5.13MEETINGS OF THE EXECUTIVE TEAM

5.13.1The Executive Team shall meet at least three times per year, including electronic meetings.

5.13.2Written notice of meetings of the Executive Team shall be given 14 days in advance.

5.13.3A quorum for meetings of the Executive Team shall be a majority of the members of the Executive Team.

5.13.4Special meetings may be called by the Chairperson or Regional Minister or upon petition to the Chairperson or Regional Minister or upon petition to the Chairperson by two Executive Team members. Notice of special meetings called will be given one day in advance of the meeting with the business of the meeting stated in the notice.

5.14GENERAL COUNCIL REPRESENTATIVES

5.14.1The NABNW Executive Team Chairperson will represent NABNW on the North American Baptist General Council. If more than one representative is allowed, they shall be appointed by the NABNW Executive Team. Expenses for travel to and from NAB General Council meetings will be reimbursed by NABNW.

ARTICLE 6 – PARLIAMENTARY AUTHORITY

6.1In all circumstances not specifically covered by these bylaws, Robert’s Rules of Order shall be used as the basis of parliamentary authority. The Chairperson of the Executive Team shall appoint a parliamentarian prior to each annual or special meeting of the member churches.

ARTICLE 7 – AMENDMENTS

7.1These bylaws may be amended at any annual or special meeting of NABNW delegates. Each proposed amendment must be presented to the Executive Team not less than 90 days prior to the annual or special meeting at which such proposed amendment is to be considered and acted upon.

7.2Notice of a meeting at which a change in the bylaws will be considered shall be given to member churches at least 40 days in advance of such meeting.

7.3An affirmative vote of a two-thirds majority of delegates present is required for passage of amendments to the bylaws, except amendments to Article 2.4 altering the voluntary covenant of relationship with NAB. These shall require an affirmative vote of a three-fourths majority of delegates present from the member churches of NABNW.

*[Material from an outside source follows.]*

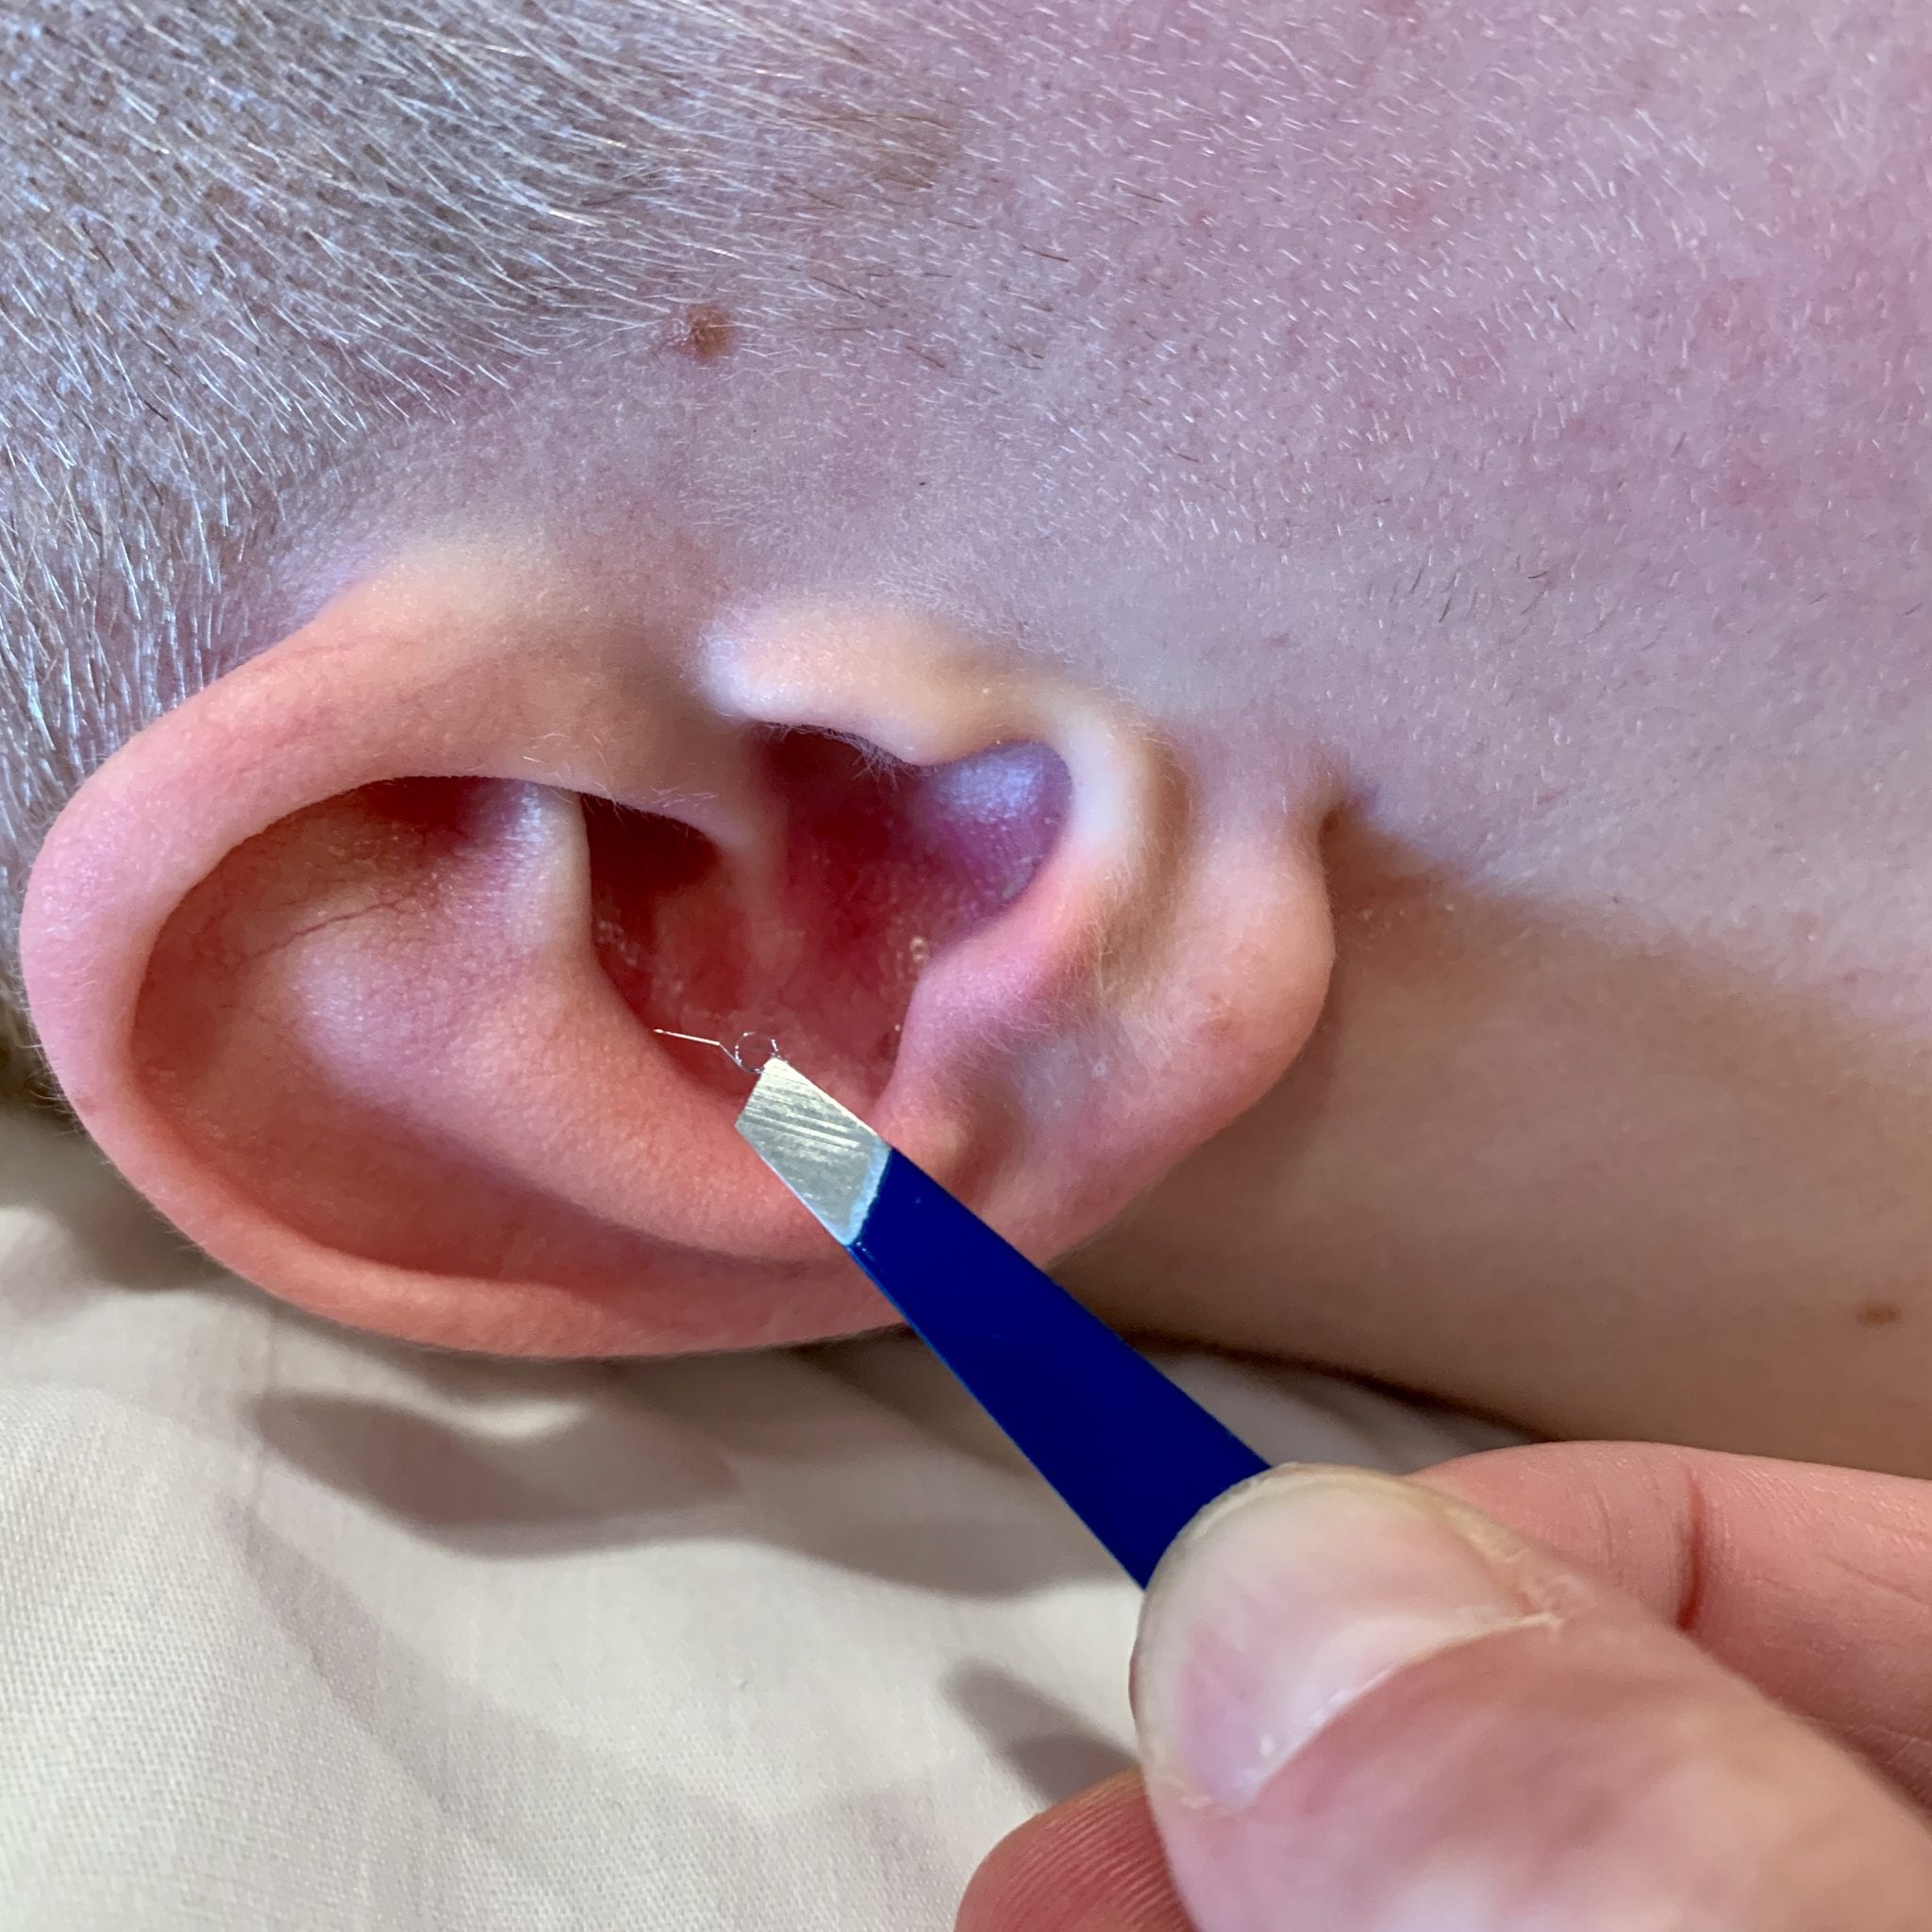 Spinex Needle near ear

7.4Appendices referred to in these by-laws may be added to or amended by the NABNW Executive Team without notification or approval of member churches and/or their delegates.

ARTICLE 8 – IRC 501(C) (3) TAX EXEMPTION PROVISIONS

8.1LIMITATION ON ACTIVITIES

8.1.1No substantial part of the activities of this corporation shall be the carrying on of propaganda, or otherwise attempting to influence legislation [except as otherwise provided by Section 501(h) of the Internal Revenue Code], and this corporation shall not participate in, or intervene in (including the publication or distribution of statements) any political campaign on behalf of or in opposition to any candidate for public office.

8.1.2Notwithstanding any other provisions of these Bylaws, this corporation shall not carry on any activities not permitted to be carried on (a) by a corporation exempt from federal income tax under Section 501(c) (3) of the Internal Revenue Code or (b) by a corporation, contributions to which are deductible under Section 170(c) (2) of the Internal Revenue Code.

8.2PROHIBITION AGAINST PRIVATE INUREMENT

8.2.1No part of the net earnings of this corporation shall inure to the benefit of or be distributable to its members, Executive Team members or trustees, officers or other private persons, except that the corporation shall be authorized and empowered to pay reasonable compensation for services rendered and to make payments and distributions in furtherance of the purposes of this corporation.